**EXERCISE AIM:** All of the data below should be set down again verbatim, without any images.

**AVAILABLE DATA:**
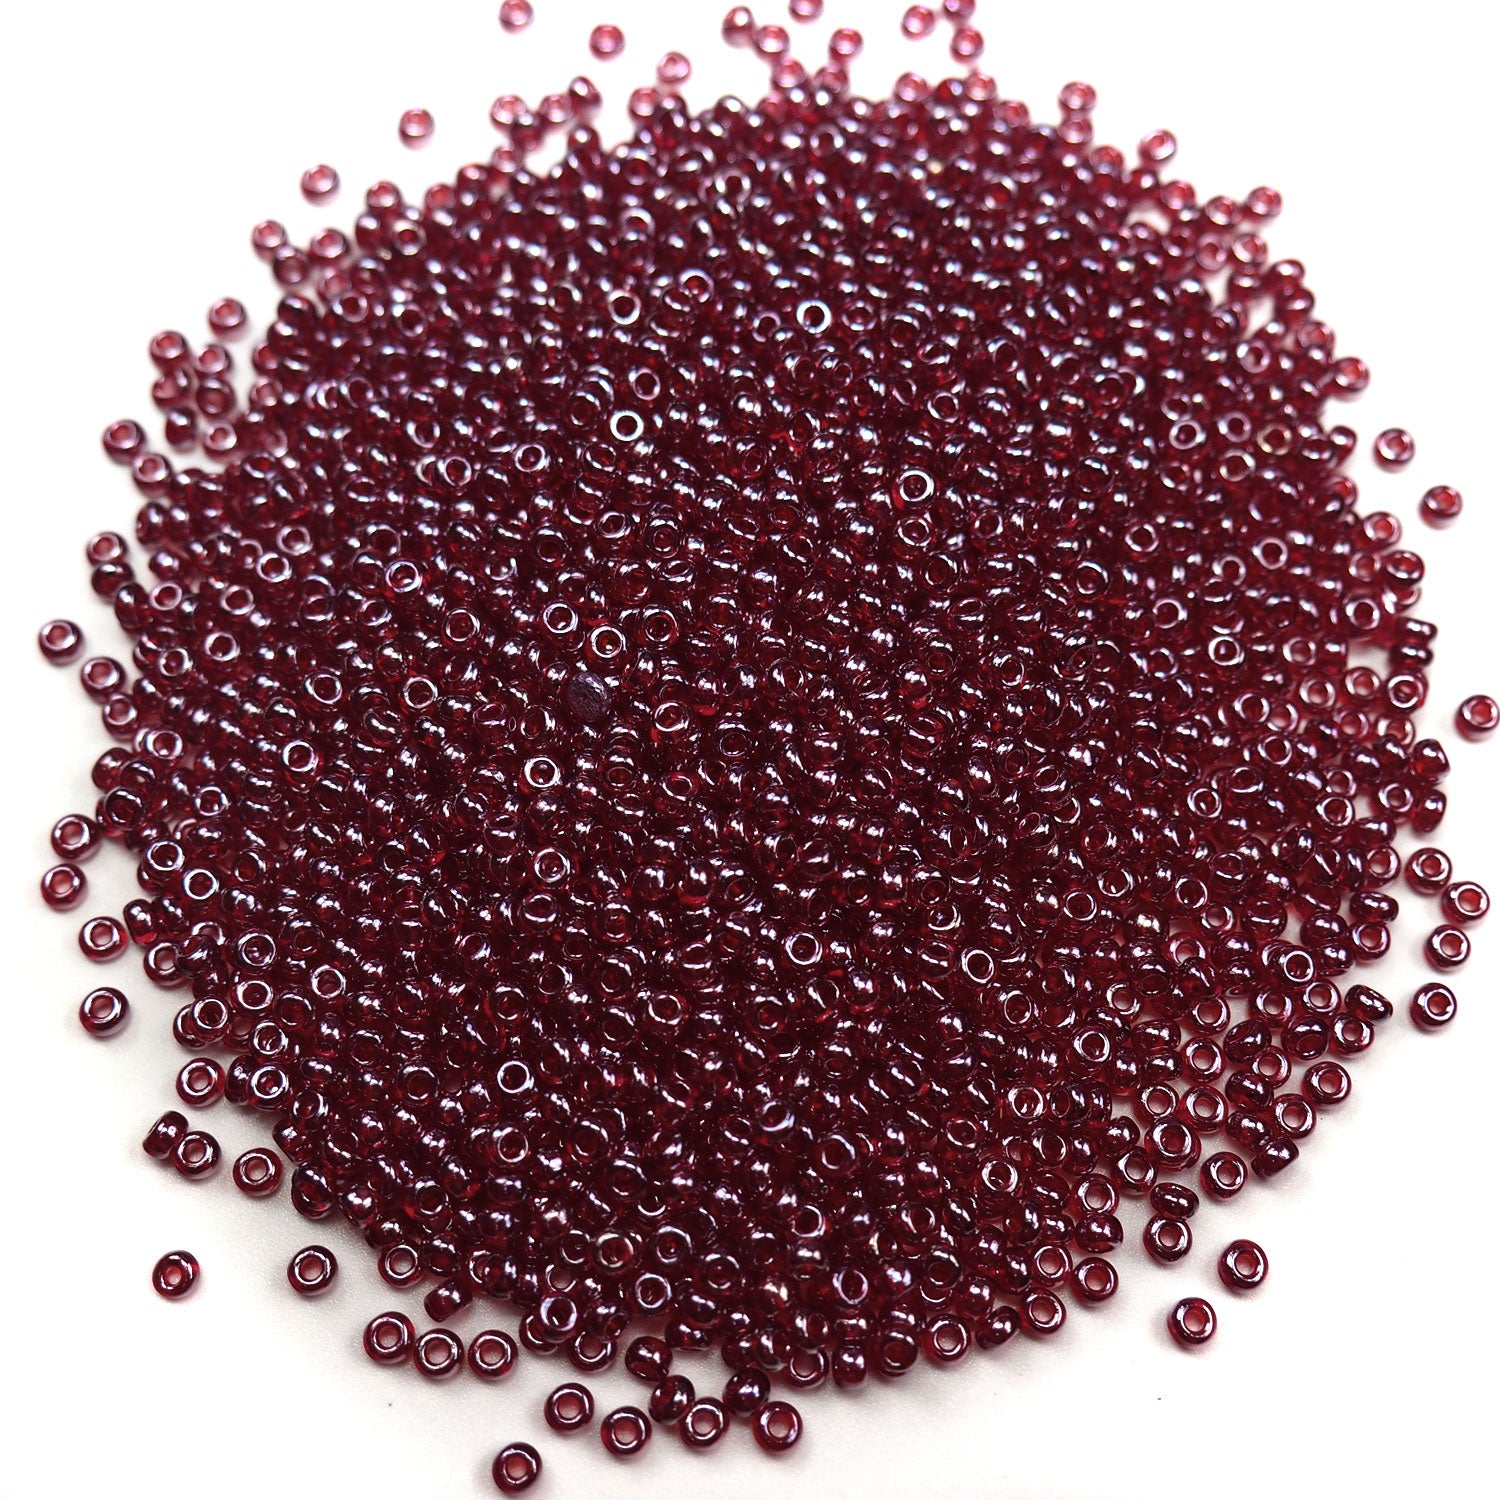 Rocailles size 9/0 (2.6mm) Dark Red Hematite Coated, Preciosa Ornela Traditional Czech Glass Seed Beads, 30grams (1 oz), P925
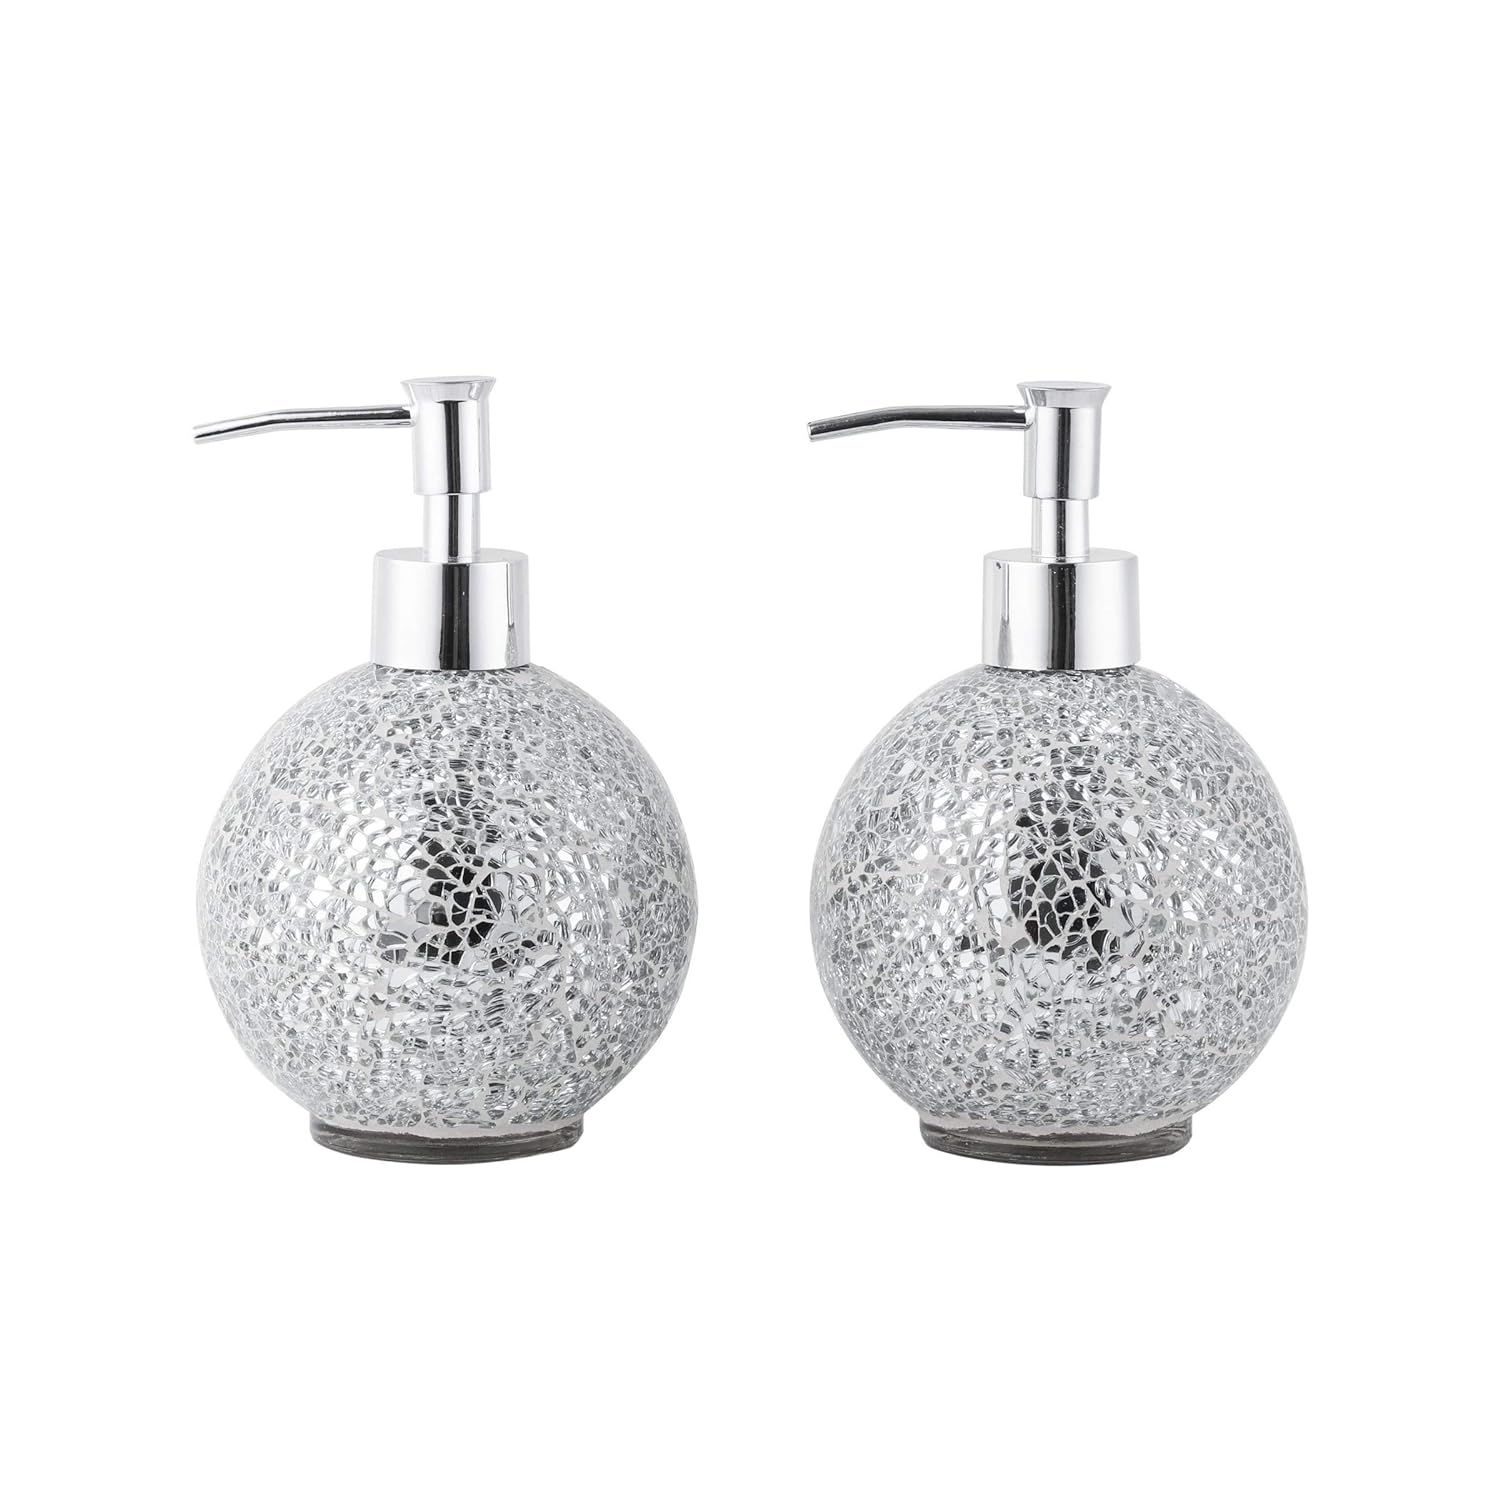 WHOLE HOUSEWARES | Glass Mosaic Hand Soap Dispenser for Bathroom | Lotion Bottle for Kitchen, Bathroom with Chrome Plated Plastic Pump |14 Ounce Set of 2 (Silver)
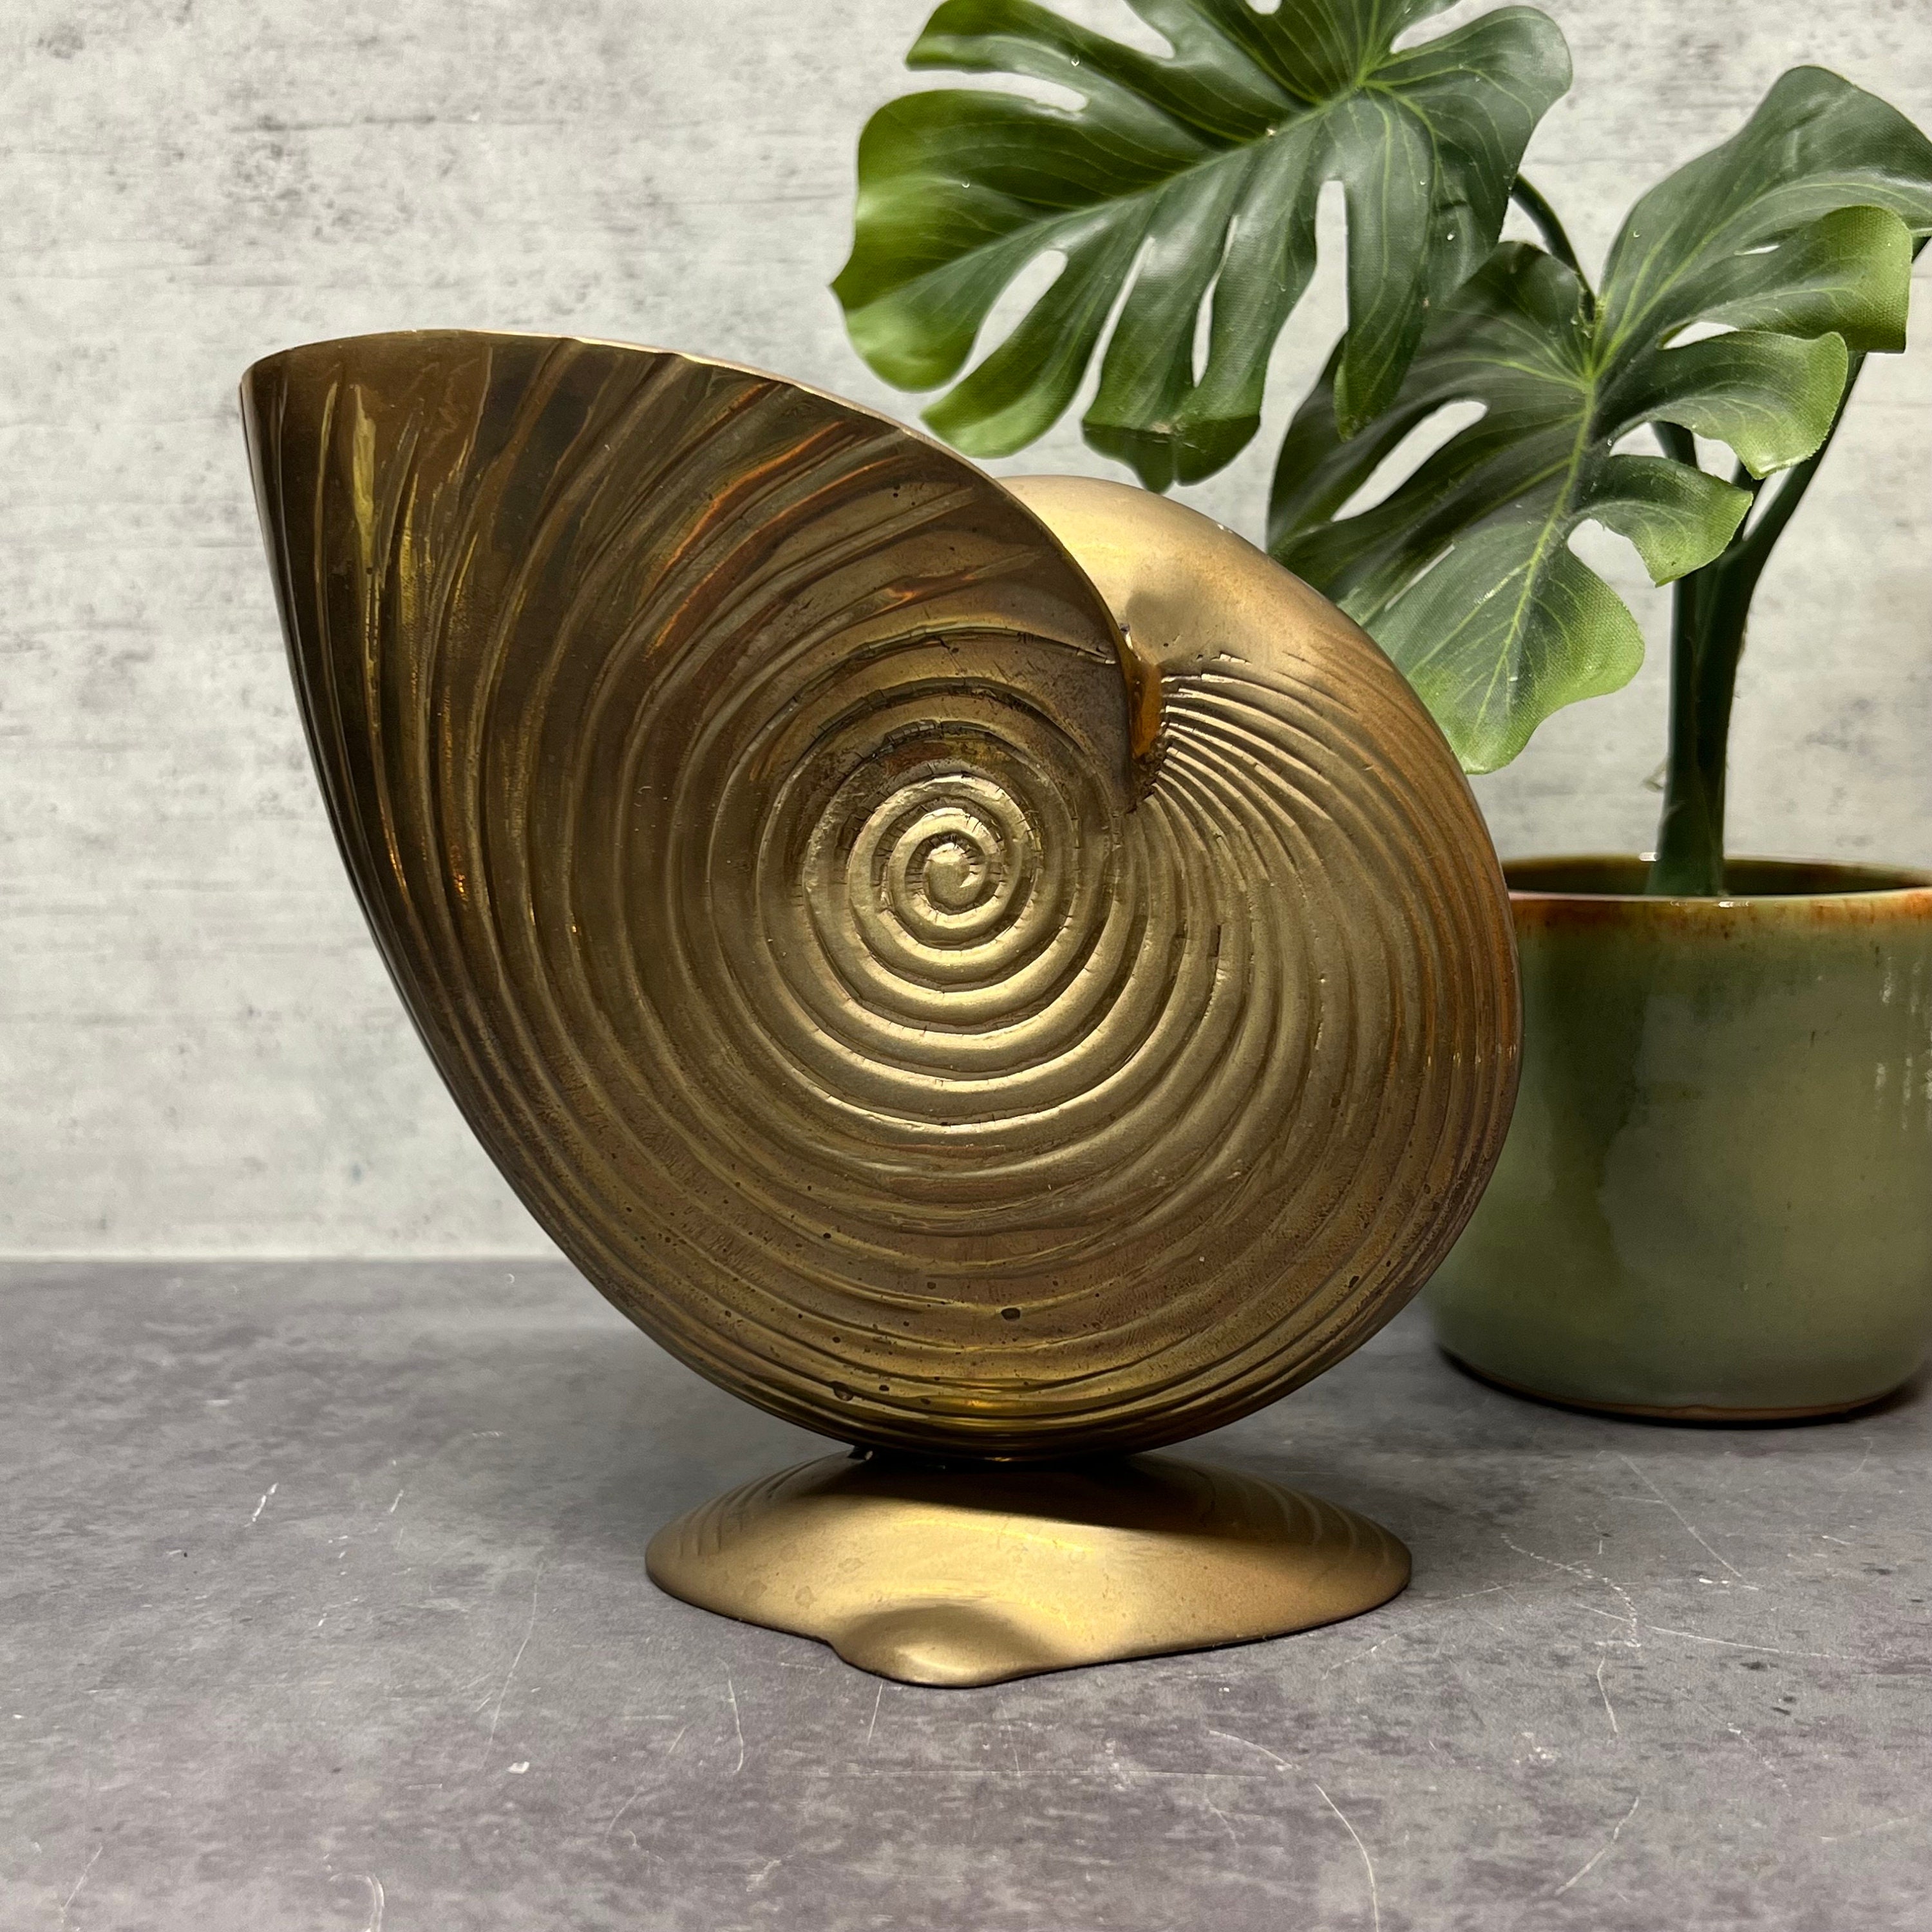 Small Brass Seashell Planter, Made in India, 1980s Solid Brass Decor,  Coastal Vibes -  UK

**WRITTEN REPLY:**
 Rocailles size 9/0 (2.6mm) Dark Red Hematite Coated, Preciosa Ornela Traditional Czech Glass Seed Beads, 30grams (1 oz), P925
 WHOLE HOUSEWARES | Glass Mosaic Hand Soap Dispenser for Bathroom | Lotion Bottle for Kitchen, Bathroom with Chrome Plated Plastic Pump |14 Ounce Set of 2 (Silver)
 Small Brass Seashell Planter, Made in India, 1980s Solid Brass Decor,  Coastal Vibes -  UK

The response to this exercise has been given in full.